Diuréticos: El tratamiento con antiinflamatorios no esteroides se asocia con un riesgo potencial de insuficiencia renal aguda en pacientes deshidratados. Los pacientes tratados simultáneamente con meloxicam y diuréticos han de estar adecuadamente hidratados y debe controlarse su funcionamiento renal previo a iniciar el tratamiento.

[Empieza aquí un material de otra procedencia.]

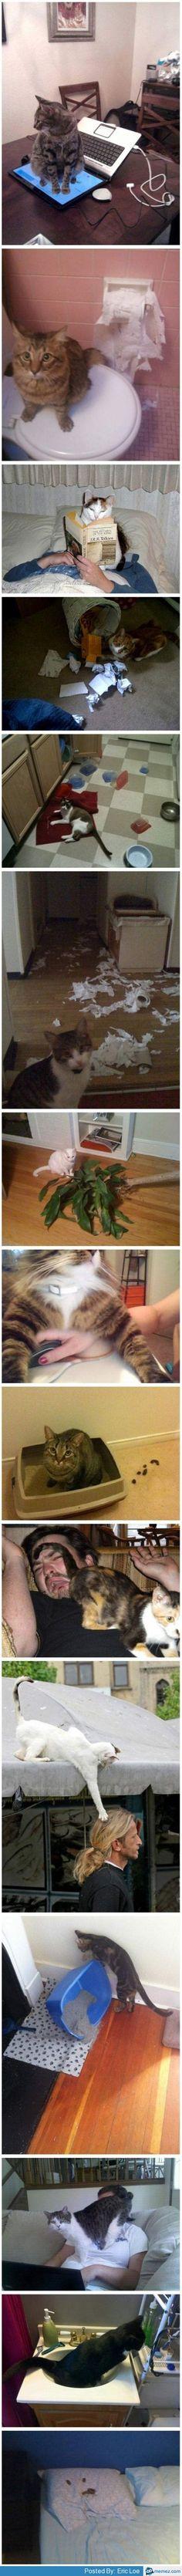 cats...lol

Antihipertensivos (por ejemplo: Bloqueantes beta, inhibidores de la ECA, vasodilatadores, diuréticos): Se ha informado una disminución del efecto del fármaco antihipertensivo por inhibición de las prostaglandinas vasodilatadoras por acción del antiinflamatorio no esteroide. La colestiramina se une al meloxicam en el tracto gastrointestinal llevando a una eliminación más rápida del último. No se han observado interacciones farmacocinéticas relevantes en el caso de la administración concomitante con antiácidos, cimetidina, digoxina y warfarina.

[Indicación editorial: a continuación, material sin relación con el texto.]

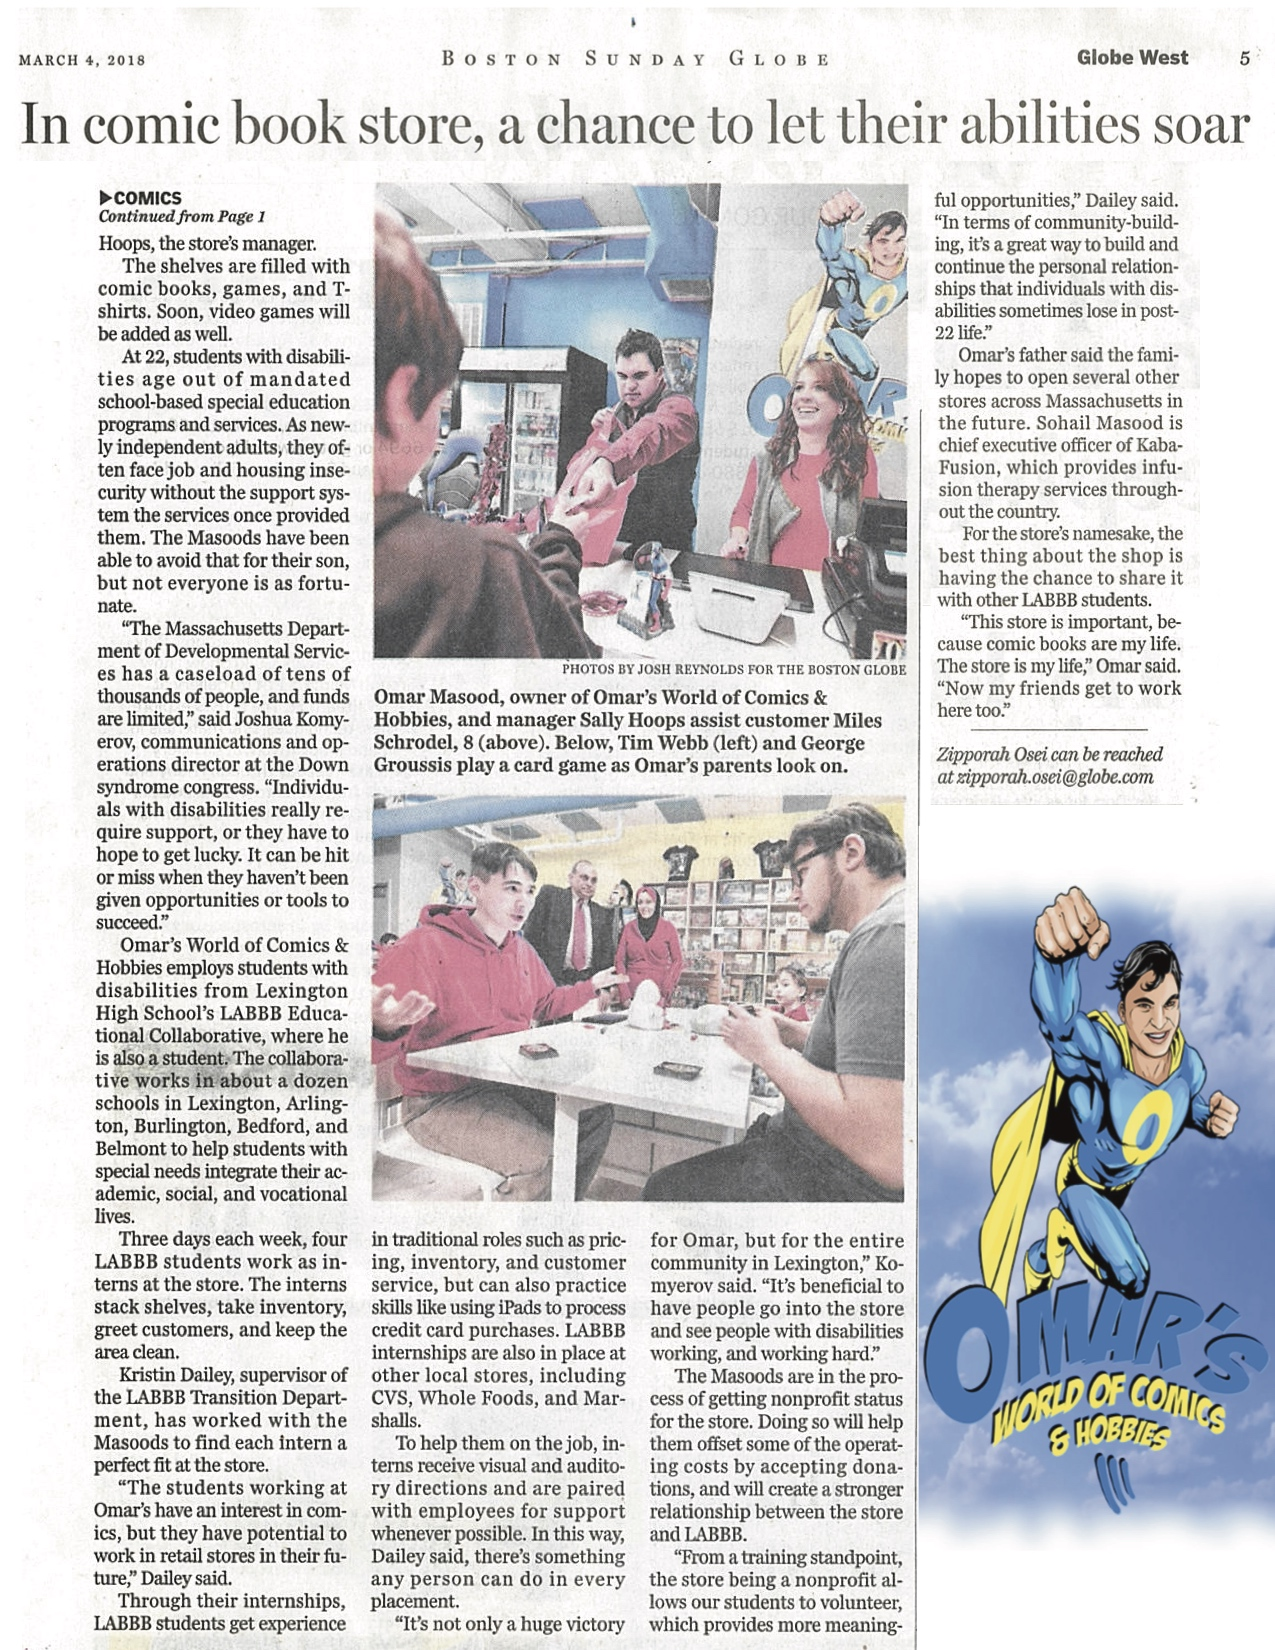 Omar Boston Globe Article 2.jpg

INFORMACIÓN COMPLEMENTARIA:

NO SE DEJE AL ALCANCE DE LOS NIÑOS. SOLAMENTE BAJO PRESCRIPCIÓN MÉDICA.

Consérvese en un lugar seco, protegido de la luz y el calor. Este medicamento no deberá administrarse durante el embarazo y la lactancia.

LUMINOVA PHARMA GROUP

RECOMENDACIONES:

Precauciones: Debe suspenderse su uso si se presenta sangrado gastrointestinal o ulceración péptica, o alguna reacción alérgica. Debe evaluarse la función renal y hepática si se utiliza prolongadamente en ancianos o con insuficiencia cardíaca, o con problemas hepáticos y renales. Aunque en los estudios preclínicos no se han observado efectos teratogénicos, el meloxicam no debe ser administrado durante el embarazo y la lactancia.

DOSIS Y VÍA DE ADMINISTRACIÓN:

FLEXOL® ampollas 15 mg:

Vía intramuscular: 1 ampolla una vez al día intramuscular (no intravenosa) profunda. Debe emplearse únicamente por los primeros días de tratamiento y luego continuar por la vía oral.

FLEXOL® cápsulas:

Vía oral: La dosis total no debe de exceder de 15 mg (2 cápsulas) al día.

FLEXOL® 15 mg: 1 cápsula al día.

PRESENTACIÓN:

Solución inyectable

FLEXOL® caja con 3 ampollas de 1.5 mL.

FLEXOL® caja con 1 ampolla de 1.5 mL.

Cápsulas con microgránulos

FLEXOL® 15 mg, caja con 12 cápsulas.

FLEXOL® 15 mg, caja con 48 cápsulas.